I parked in the structure adjoining the Market. On my way up the ramp I glanced at the parking info sign, saw that the lot closed at ten, but kept going because it also seemed to indicate that cars would be able to leave after then. I got my ticket and parked. I went next door. I had a beer.

It’s now around 10:30, and I’m headed back to the garage. But the metal gates are down over the ramp. The door I exited from is locked. I figured there had to be another exit around the corner, otherwise why would that sign say that I could get my car out? I walked around the corner and down the block, and found the other exit.

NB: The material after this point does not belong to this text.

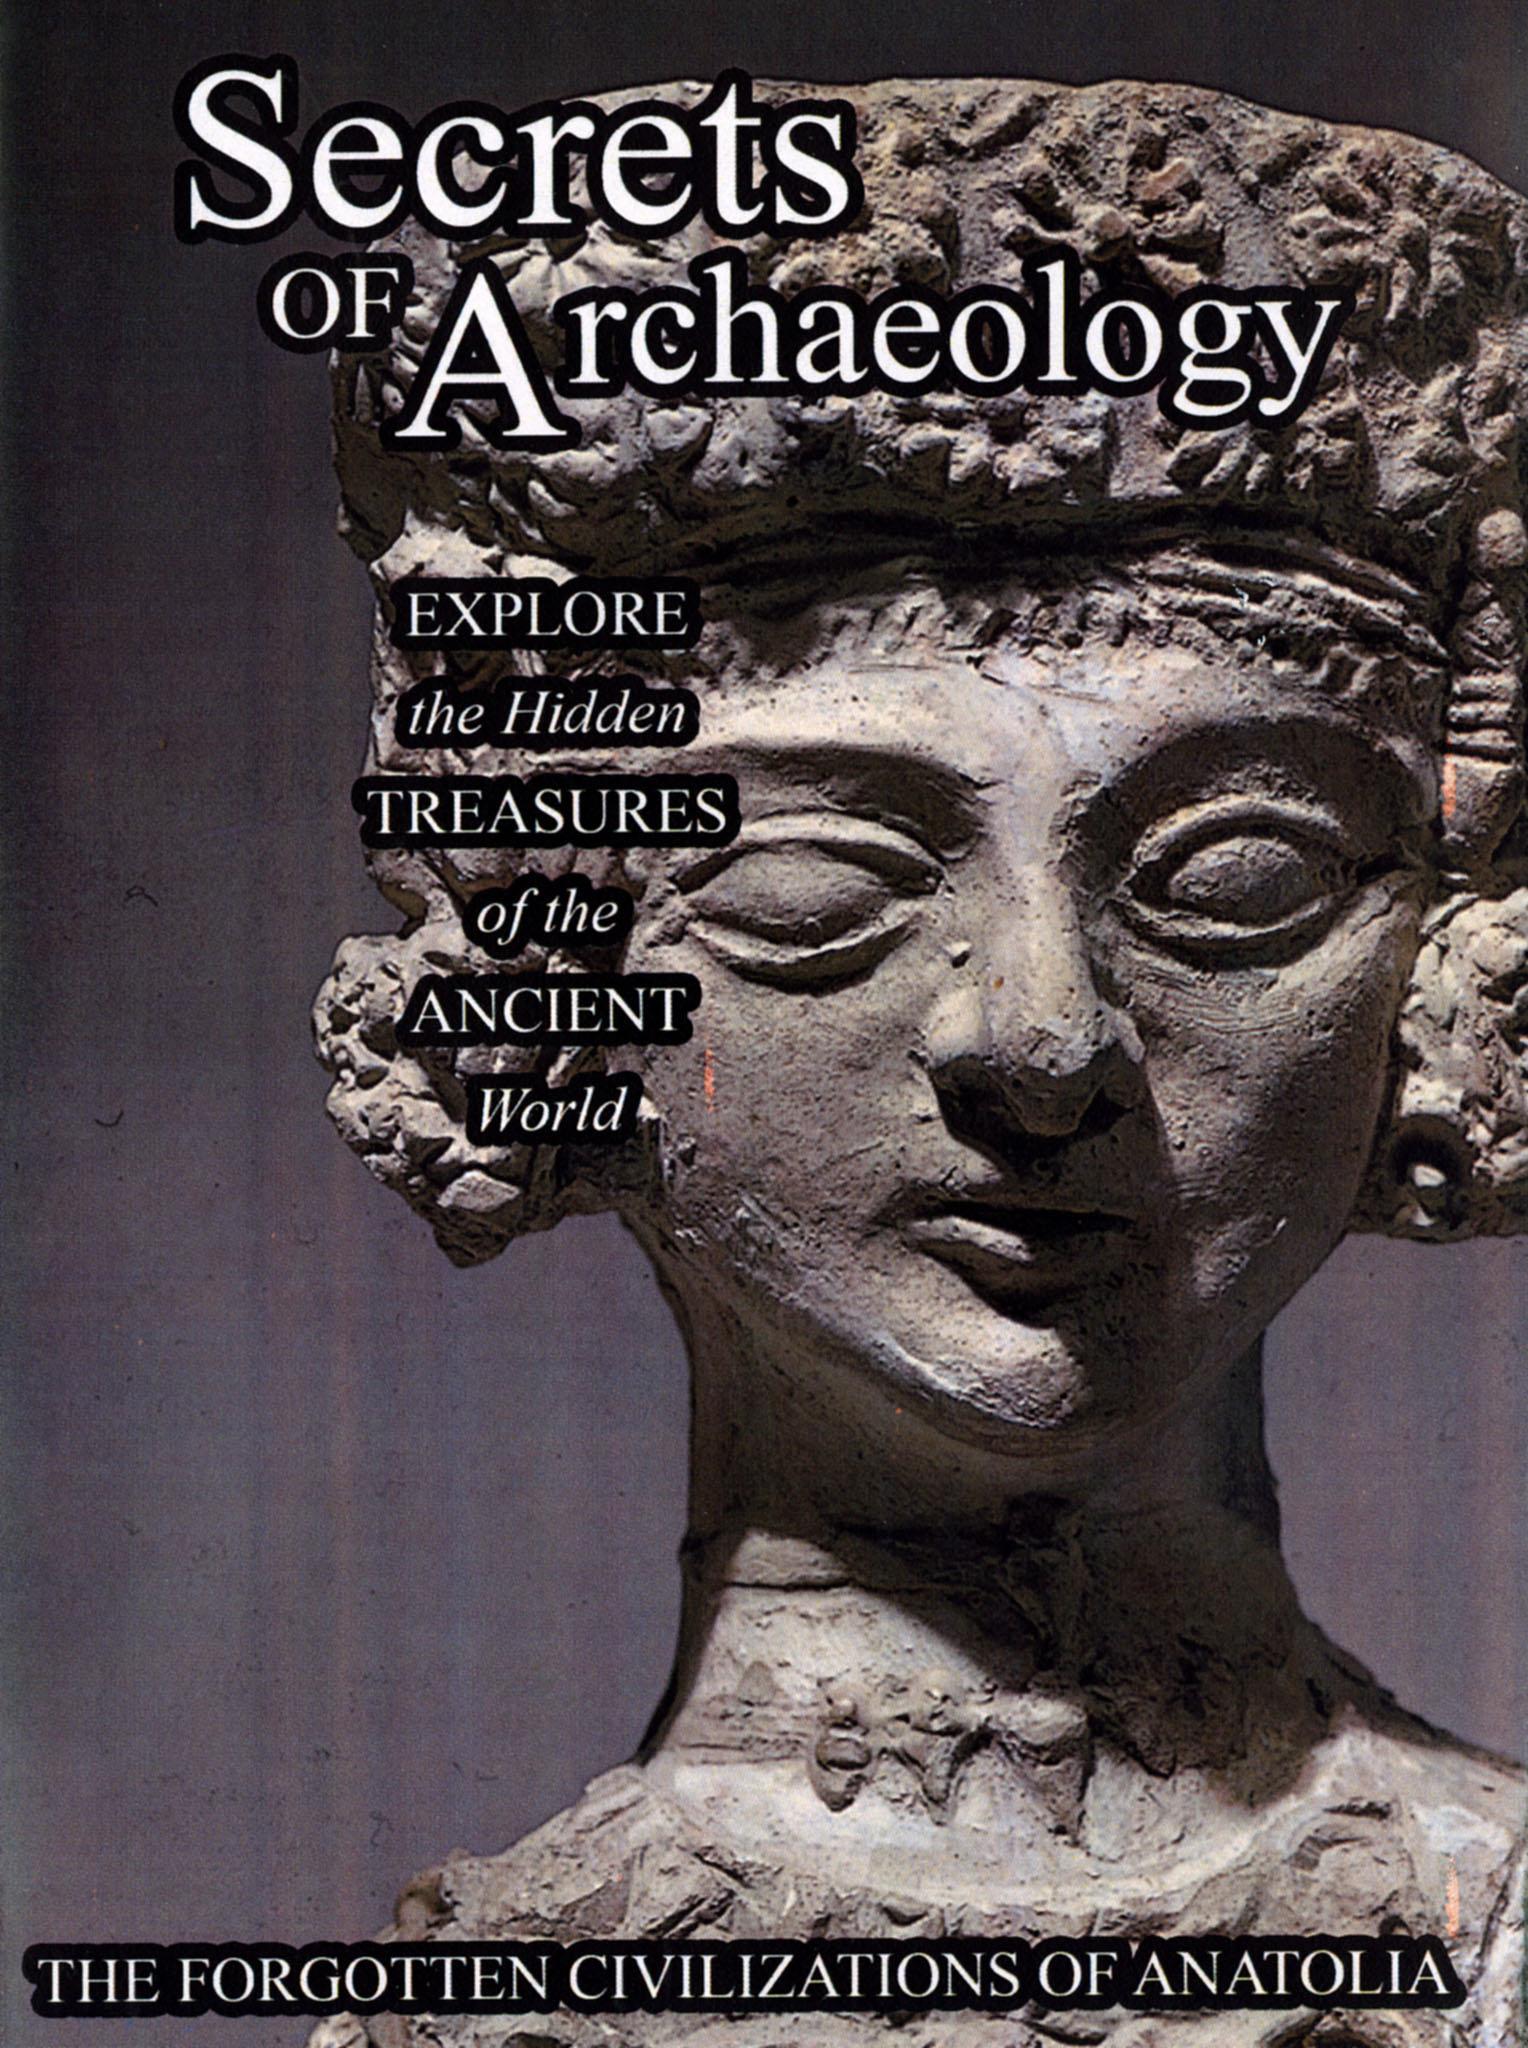 Secrets of Archaeology: The Forgotten Civilizations on Anatolia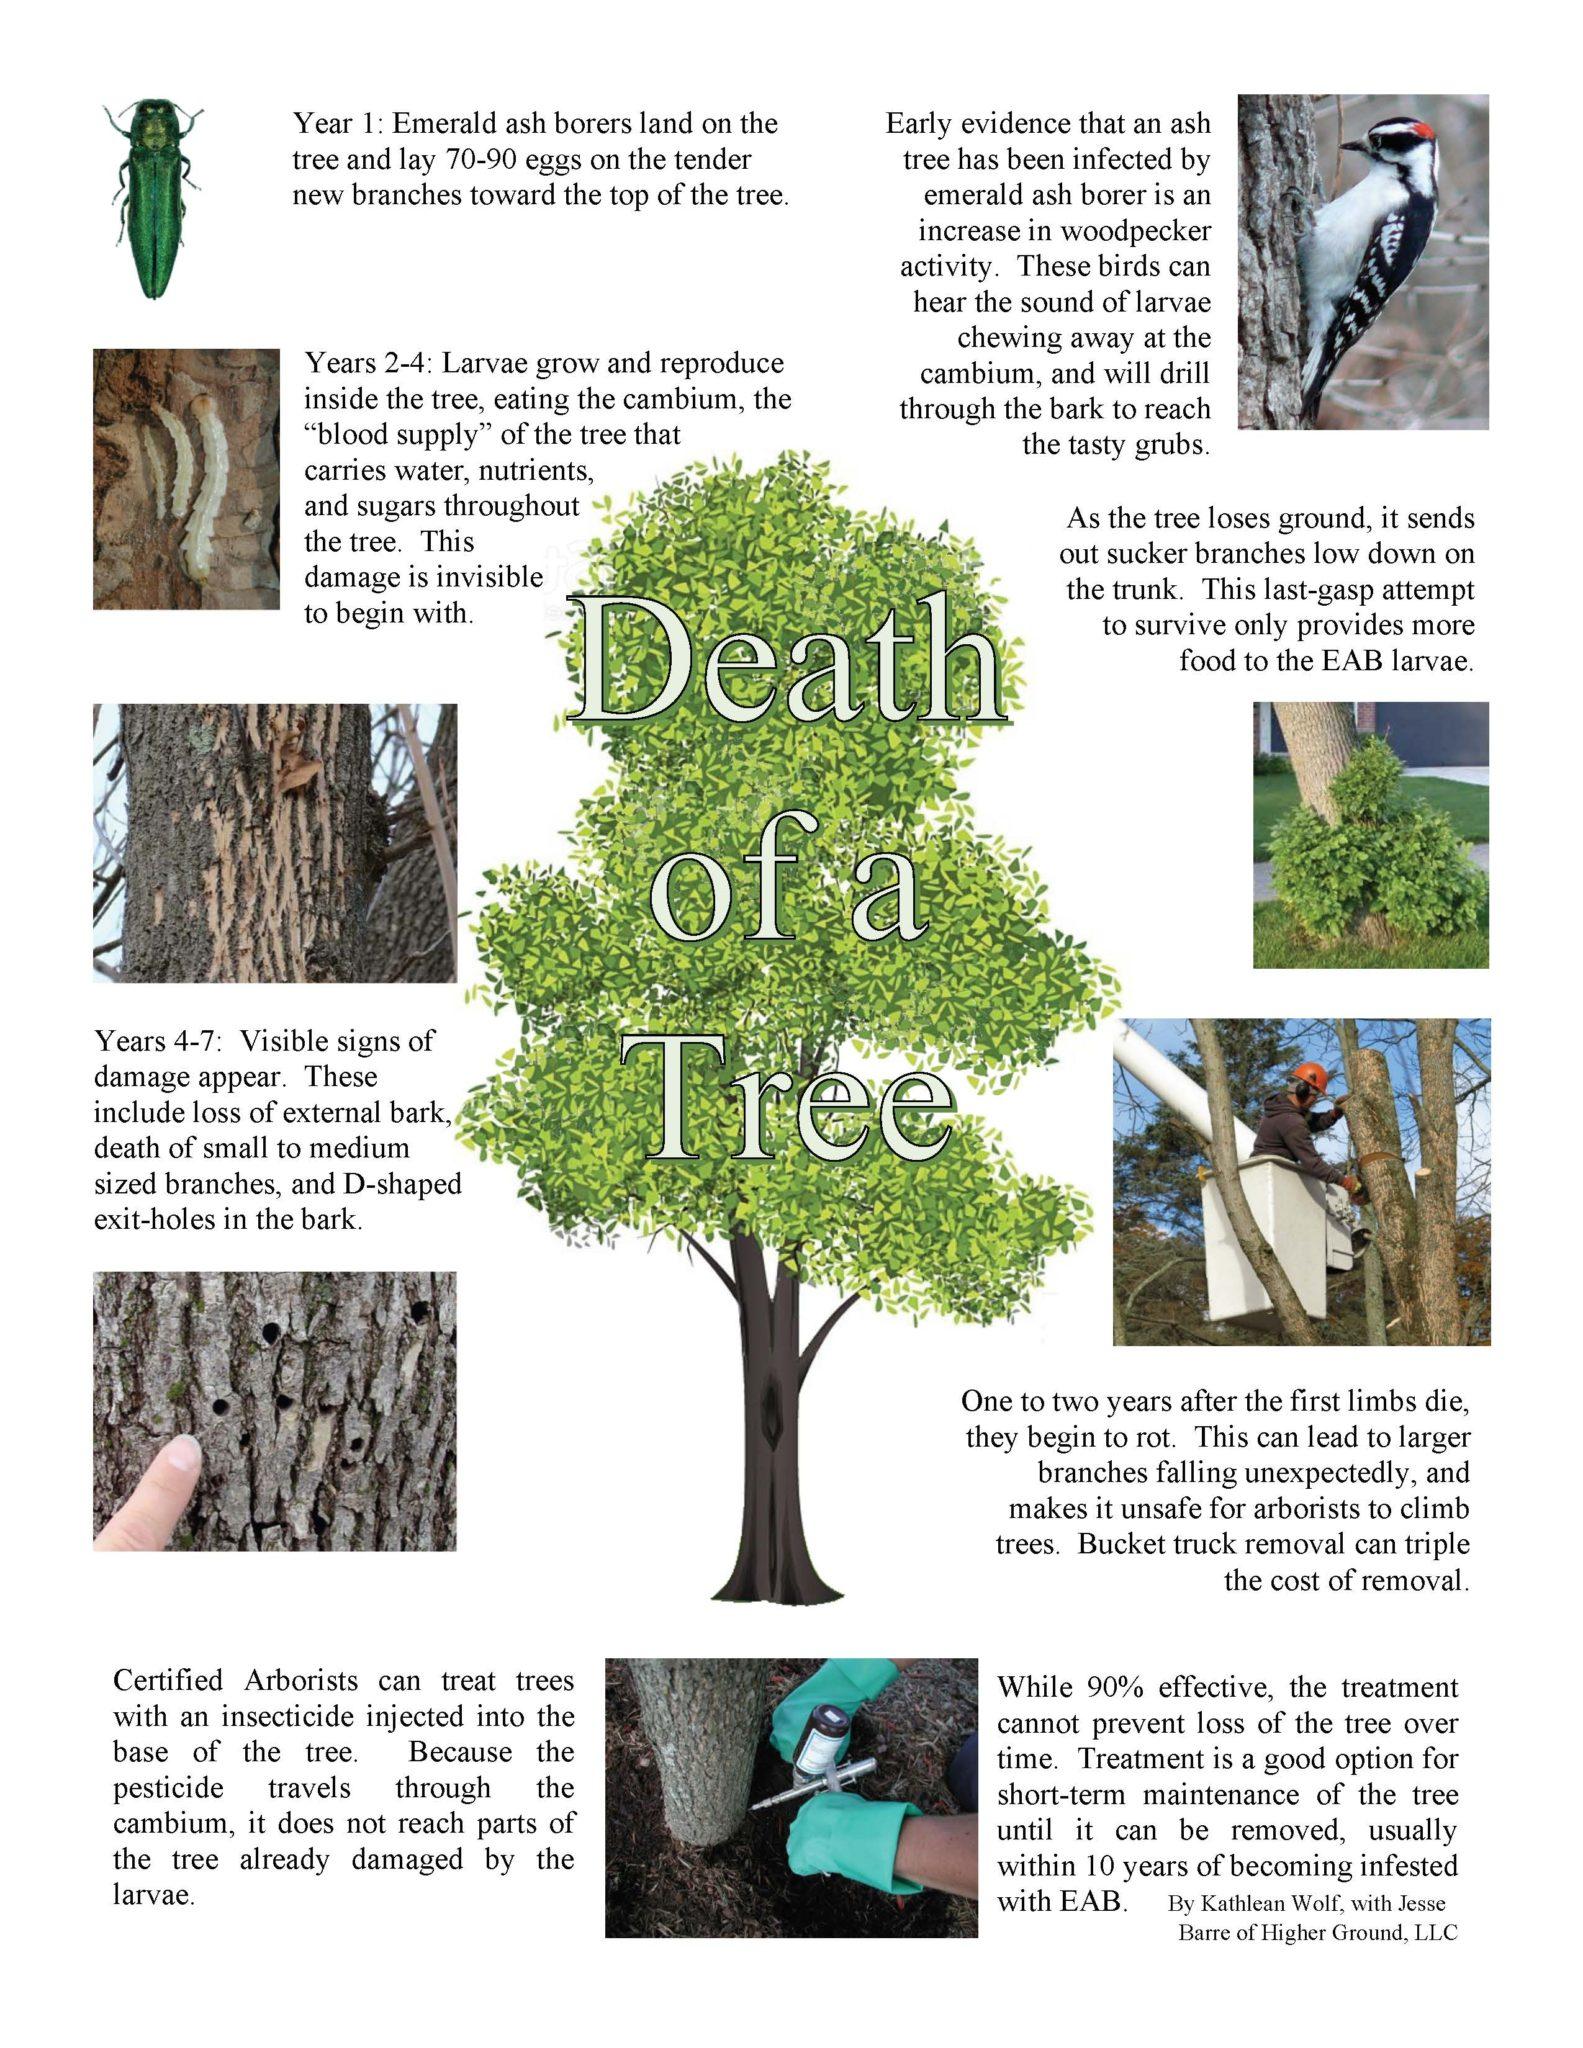 Failing ash trees threaten homes | Northside News

It too had its metal gate down. The door was locked. Slowly beginning to panic, I walked around the block again, back to the first gate, thinking about how I’d have to Lyft home, get up at like six the next morning, and Lyft back to pick up my car before the traffic hit. I got back to the first gate and noticed a smaller sign I hadn’t seen before, with an after-hours access number on it.

The number was disconnected. I tried twice.

Now I’m really freaked out. Three people are talking on the sidewalk next to me, one of them walks over to the locked door and pops it open to let his two friends in. We lock eyes, he motions me over, and says to me if you pay your ticket — you do have your ticket, right? Good. If you pay your ticket at the machine, the gate will automatically open when you get there. No worries, have a great night.

I don’t know who this dude is, but he seemed authoritative. I walked into the garage, I paid my ticket, I got in my car, I drove down the ramp, and I waited behind a SUV paying his ticket at the gate. He does, the arm goes up, he drives through, he pauses, the big metal gate rolls up, he drives out. Easy.

I figure I can just follow him out, that the gate will stay open for me. I pulled up to the arm, I put my ticket in, it lifts, I start driving forward, the big metal gate comes down quickly, I stop and say a bad word, the arm comes down behind me, blocking me into a space not much longer than my car, hemmed in on the left and right by high metal-lined curbs. I am now more stuck than I was before. I said at least one other bad word.


So I got out of my car and started looking around. I can’t see a switch for the door. I waved my hand in front of the sensor that I thought might trigger it. Nothing. I got back in my car and rolled it back a foot and forward a foot to try to get the sensor to go off. Again, nothing.

Now I’m thinking through the scene. I’m stuck blocking a lane of traffic in a parking garage in Downtown Los Angeles. It’s eleven at night and no one is here. I can’t get out of the garage on foot, I’ve been locked in. I am going to have to sleep in my car, parked on the exit ramp of a garage. This is not ideal.


Suddenly, a wild Toyota appeared. This dude stopped behind me, asked if I need help, and jumped out of his car like he knew what he was doing. He walked over to the other exit lane and flipped the switch for its metal gate. Perfect, now my car is still stuck, but the other lane is free! He shrugged. He must have been followed by a security guard, who rode up on a little golf cart, gave us both you’re idiots looks, walked up to the gate, and flipped the switch right next to it that we both missed.

And that’s the story of how I didn’t get stuck anywhere and had a nice night.